Opinion
No. A-10883.
March 2, 1966.
Appeal from the 108th District Court, Potter County, Mary Lou Robinson, J.
Monning Monning, Amarillo, for petitioners.
Lumpkin, Watson, Dunlap Smith, Amarillo, for respondent.
Writ of error was granted in this venue case, but it is now our opinion that the application must be dismissed for want of jurisdiction. The suit was filed in the 108th District Court of Potter County by Howard E. Boxwell and Joe A. Allred, petitioners, against Donald Ladehoff, respondent.
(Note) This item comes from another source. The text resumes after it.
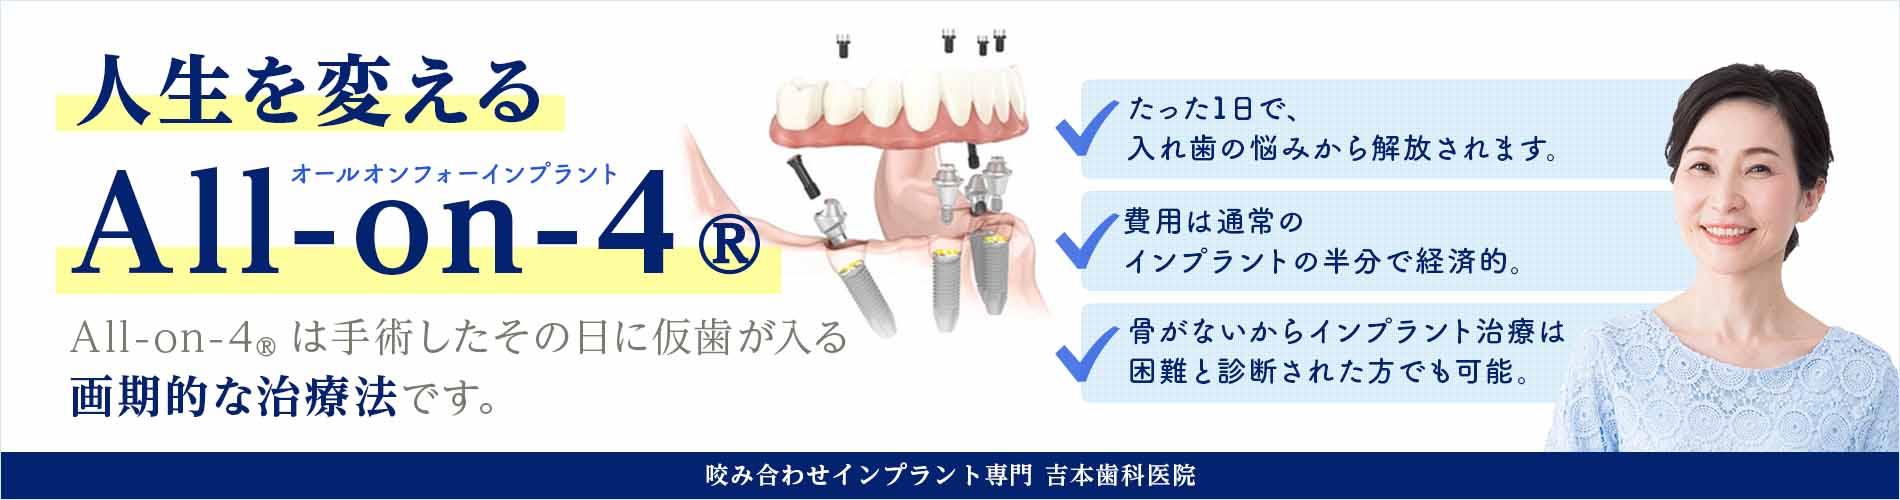 たった1日で入れ歯の悩みから解放されます。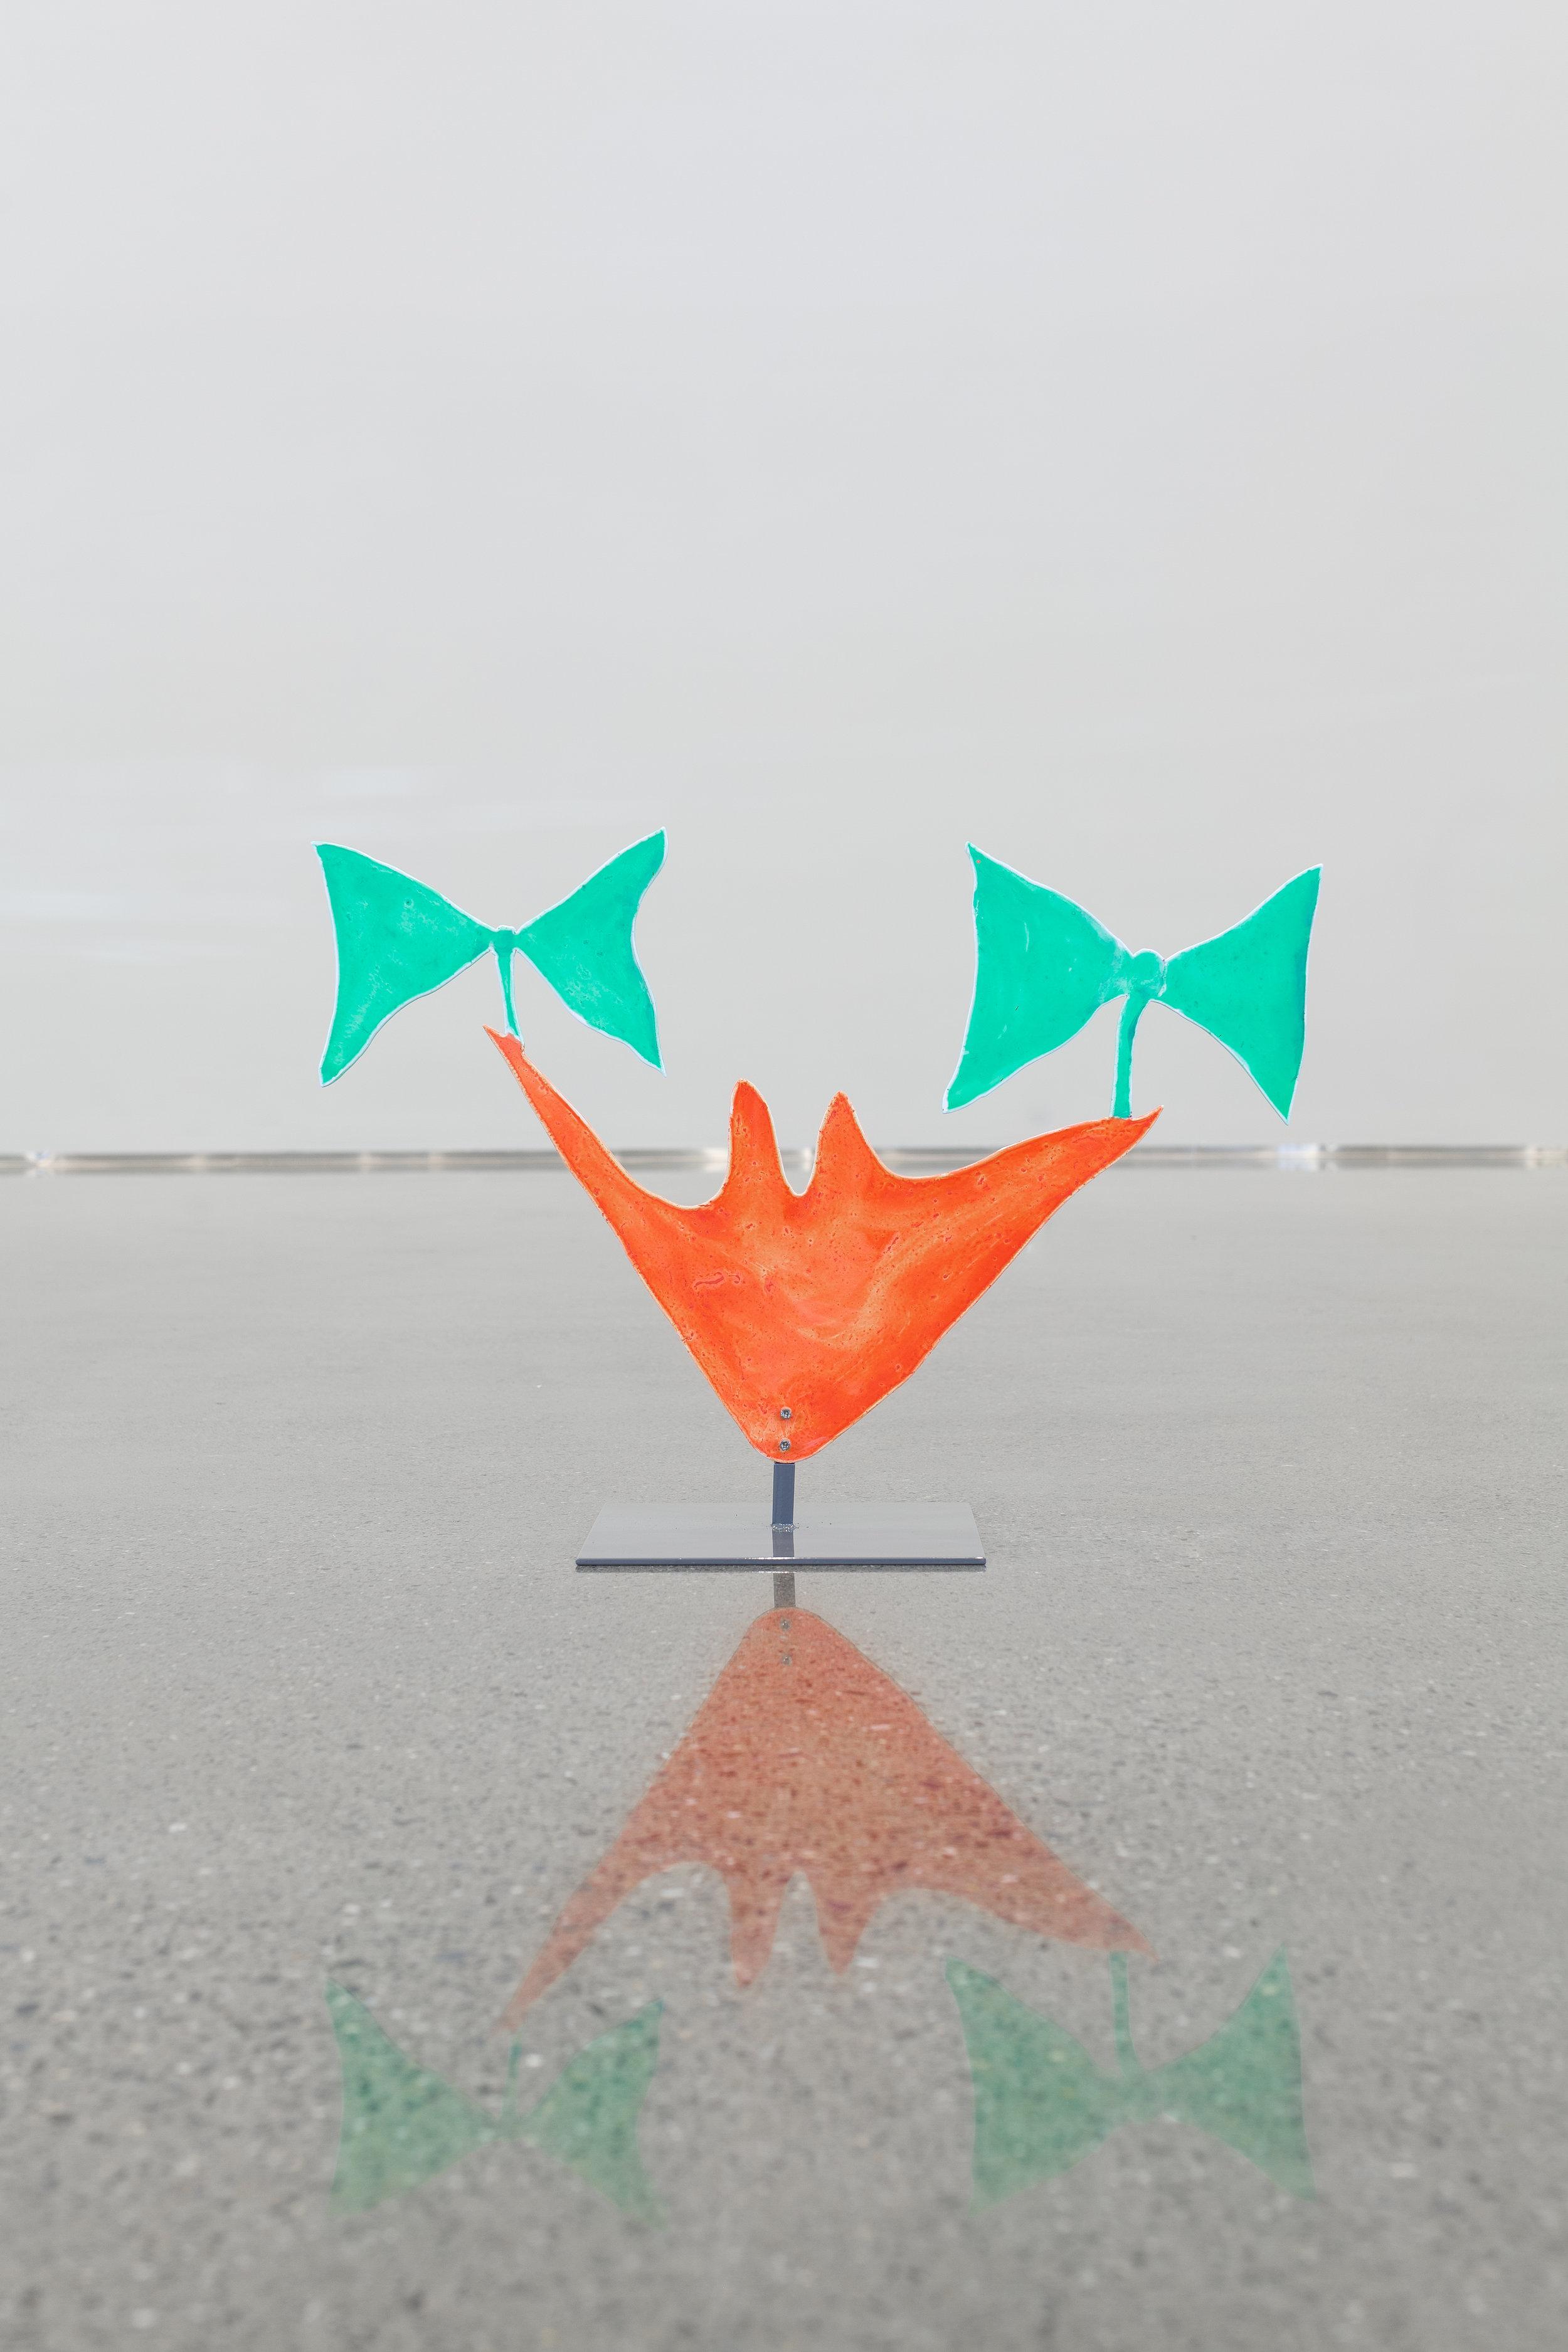 Anine Kierulf, 2019  Acrylic on aluminum

It is an action to enforce an alleged obligation in writing to deliver receipts from the sale of certain ensilage 'to First National Bank at Amarillo, Texas.' Respondent's plea of privilege to be sued in Oldham County, where he resides, was overruled by the trial court. The Court of Civil Appeals reversed such judgment and ordered the cause transferred to Oldham County. 390 S.W.2d 368.
The Court of Civil Appeals held that since Amarillo is situated in both Potter and Randall Counties, venue of the action cannot be sustained in Potter County under Subdivision 5 of Article 1995. Similar were made in Shipley v. Southwestern Investment Co., Tex.Civ.App., 391 S.W.2d 457 (affirmed, Tex.Sup., 400 S.W.2d 304), and Wood v. John Farrell Lumber Co., Tex.Civ.App., 389 S.W.2d 133 (wr. dis., Tex.Sup., 400 S.W.2d 307) . Writs of error were granted in the three cases to enable us to consider them at the same time. For the reasons set out more fully in John Farrell Lumber Co., v. Wood, Tex.Sup., 400 S.W.2d 307, we have concluded that the Supreme Court has no jurisdiction of the present appeal.
Petitioners assert jurisdiction under Sundivision 2 of Article 1728, and say that the holding of the Court of Civil Appeals in this case conflicts with the decision in Knudsen v. J. I. Case Co., Tex.Civ.App., 86 S.W.2d 794 (no writ). The court there stated that it judicially knew 'that Amarillo, a county seat, is in Potter county.' On the basis of that fact, it held that venue of a suit on an obligation performable at Amarillo, Texas, might be maintained in Potter County under Subdivision 5 of Article 1995. In the present case the Court of Civil Appeals judicially noticed that Amarillo lies partly in Potter County and partly in Randall County, and on the basis of that fact held that venue cannot be sustained in Potter County under Subdivision 5 where the writing merely stipulates that the obligation is performable at Amarillo, Texas.
The two decisions are thus predicated on different facts, and on the face of the opinions there is no inconsistency in the holdings made. It is our understanding that Amarillo lay partly in Randall County when Knudsen was decided, but in determining the jurisdiction of the Supreme Court under Subdivision 2 of Article 1728 we are confined to a consideration of the opinions in the cases alleged to be in conflict. We would have jurisdiction here if the court in Knudsen had pointed out in its opinion that Amarillo was situated in two counties and then held that despite this fact venue was properly laid in Potter County under Subdivision 5 of Article 1995.
Our order granting the application for writ of error is set aside, and the application is dismissed for want of jurisdiction.